Stop Loss 11 - General Average for Non-vessel Operators
General Average is the system whereby a shipowner can recover the extraordinary expenses that he necessarily incurred following some maritime accident, in protecting the cargo and/or preserving the ship. The costs are apportioned between the ship, its fuel and stores and the cargo (including containers) in proportion to their values.
General Average is almost as old as maritime transport itself and is well recognised in all major shipping and trading jurisdictions. Thankfully, however, modern standards and technology make it comparatively rare, so traders and forwarders are often unaware of the steps they have to take when confronted by a GA situation.
So how can you recognise a “GA” loss? GA losses arise whenever property involved in a voyage is voluntarily sacrificed or extraordinary expenditure is incurred to enable the vessel to rescue itself from a casualty and thereby complete the voyage. An example of a GA sacrifice would be jettisoning your clients’ cargo to help the vessel deal with a grounding and an example of GA expenditure would be employing salvage tugs when the vessel suffers an engine breakdown.
Salvage works on similar principles and frequently any award due to a tug owner for his tug’s assistance in saving a vessel will eventually form part of the GA expenditure. However, in many cases where salvage services are rendered the salvor will also demand separate salvage security. In this information sheet, “General Average” is used to cover both GA and Salvage.

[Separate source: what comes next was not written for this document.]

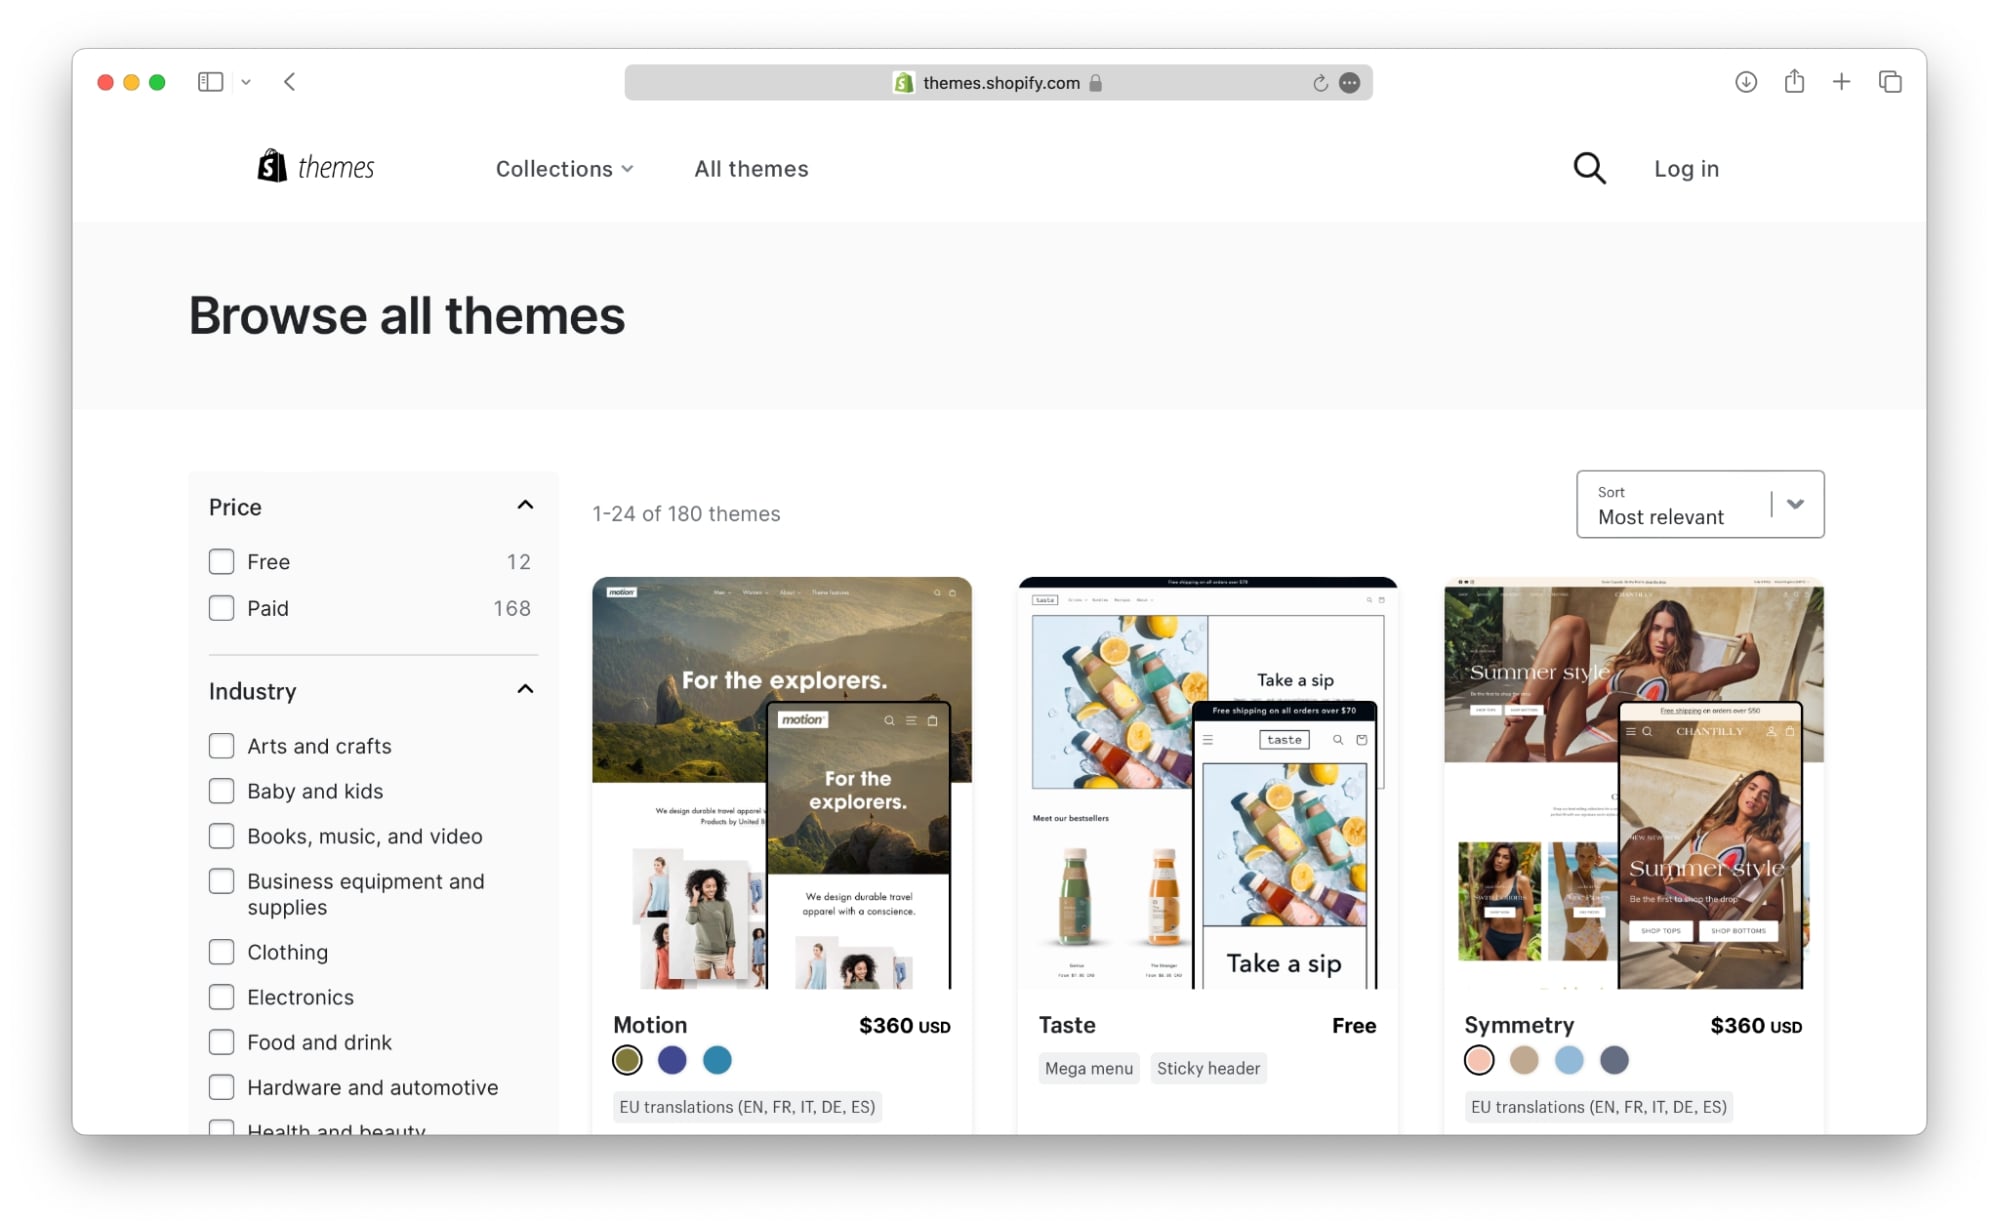 Shopify themes store for ready-to-use templates.

If a GA situation arises, the shipowner will normally “declare GA” and appoint a firm of Average Adjusters to collect the GA contributions from all the parties liable to pay. The adjuster works out how much each party is liable to contribute by establishing the total value of the property rescued and the values of the sacrifices and expenditure. This process, inevitably, takes a long time (typically two years). Therefore, to ensure that payment will be received, the adjuster requires each party interested in the voyage to provide a GA Bond as security. A GA Bond is effectively a promise to pay whatever contribution is assessed, backed up by a GA Guarantee from a bank or insurance company. The adjuster uses the carrier’s records (usually the “ocean bills” or manifests) to identify from whom they should be demanding GA Bonds. Transport Operators issuing their own bills usually appear as the shipper on the carriers’ ocean bills/manifests and therefore the adjuster will send a letter to you demanding a bond in respect of the cargo. The letter will normally give brief details of the incident and will ask for a declaration of the value of “your” cargo and also request that you sign (and get countersigned) the GA Bond form.
What to do
- First of all – don’t panic! Although you appear on the line’s records as the shipper, you are not liable for the GA contributions in respect of the cargo: that is a matter for your clients, the cargo owners, and their insurers.

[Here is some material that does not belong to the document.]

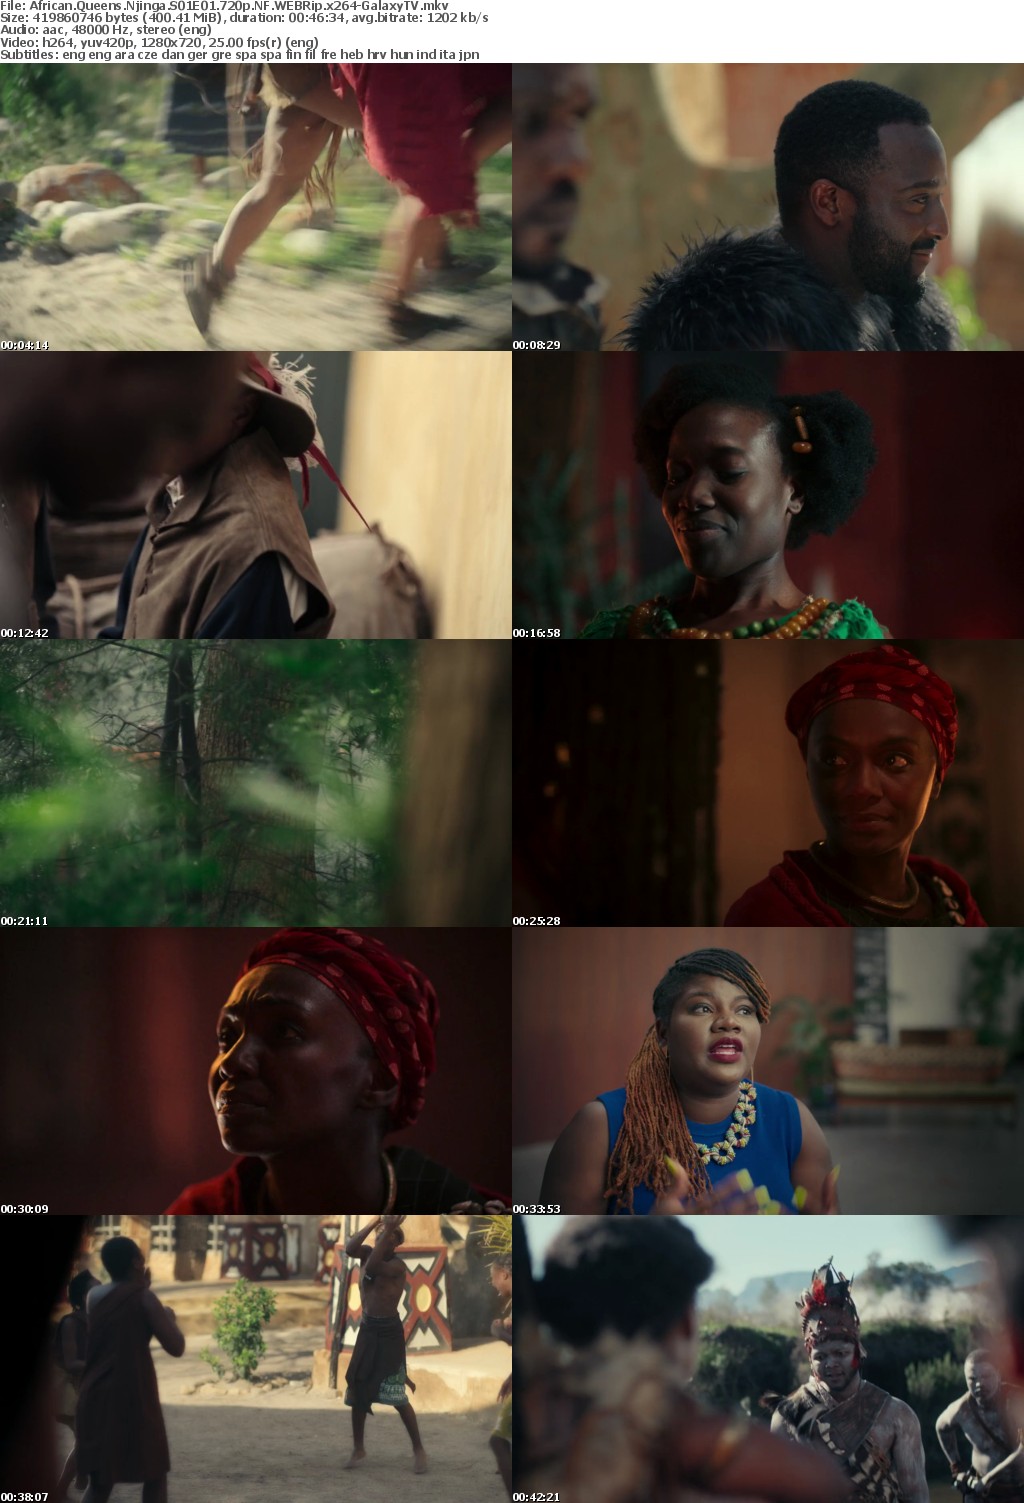 African Queens Njinga S01 COMPLETE 720p NF WEBRip x264-GalaxyTV

- Do not sign the GA Bond or GA Guarantee forms
- Let your clients know what has happened and send each of them a copy of the letters from the adjuster. Explain that they have a responsibility for the GA contributions. If they are selling on ex works, FOB or CAF terms, they should pass the letters onto their customers (the buyers/ consignees). Standard marine cargo policies cover the costs of GA contributions and the insurers will take over the detailed work of providing the guarantee and dealing with the adjuster. If the cargo is uninsured the evidence of the value and guarantee will need to be signed by an appropriate guarantor, such as a bank.
- Make clear that you will not be able to release the cargo until the guarantee has been returned and accepted. Your agent at destination may be able to assist in obtaining the declarations and guarantees.
- Ask for the signed guarantee to be returned to you. Check that you have received everything for all the cargo in the container and send the documents to the adjuster, who will then arrange
for the cargo to be released at destination.
- If you find that one or more customers have not signed the guarantees (or are refusing to sign), please contact the Club. We can help get the containers released so that everybody can collect their cargo. Any guarantee provided by the Club in respect of cargo is given strictly on your undertaking not to release the appropriate consignment until an acceptable guarantee has been provided - ensure that your agent does not release any cargo for which signed guarantees from cargo interests have not been obtained.
- If there is any indication that cargo may have been damaged in the incident leading to GA and/ or salvage, contact the Club immediately. We can arrange for the cargo to be surveyed, possibly at the port of refuge or on arrival at destination.
- If you are using line’s equipment, you have no responsibility for GA contributions assessed on the value of the containers themselves. If you own or lease equipment that was on board you will have a liability for the contributions on their value. If you have equipment cover with the Club, please let us know so that we can provide the necessary guarantees for you.
- Occasionally, an adjuster will demand a GA Bond in respect of any freight that was payable at destination. If this happens you may be liable to sign the GA Bond yourself, but before doing so you should consult the Club.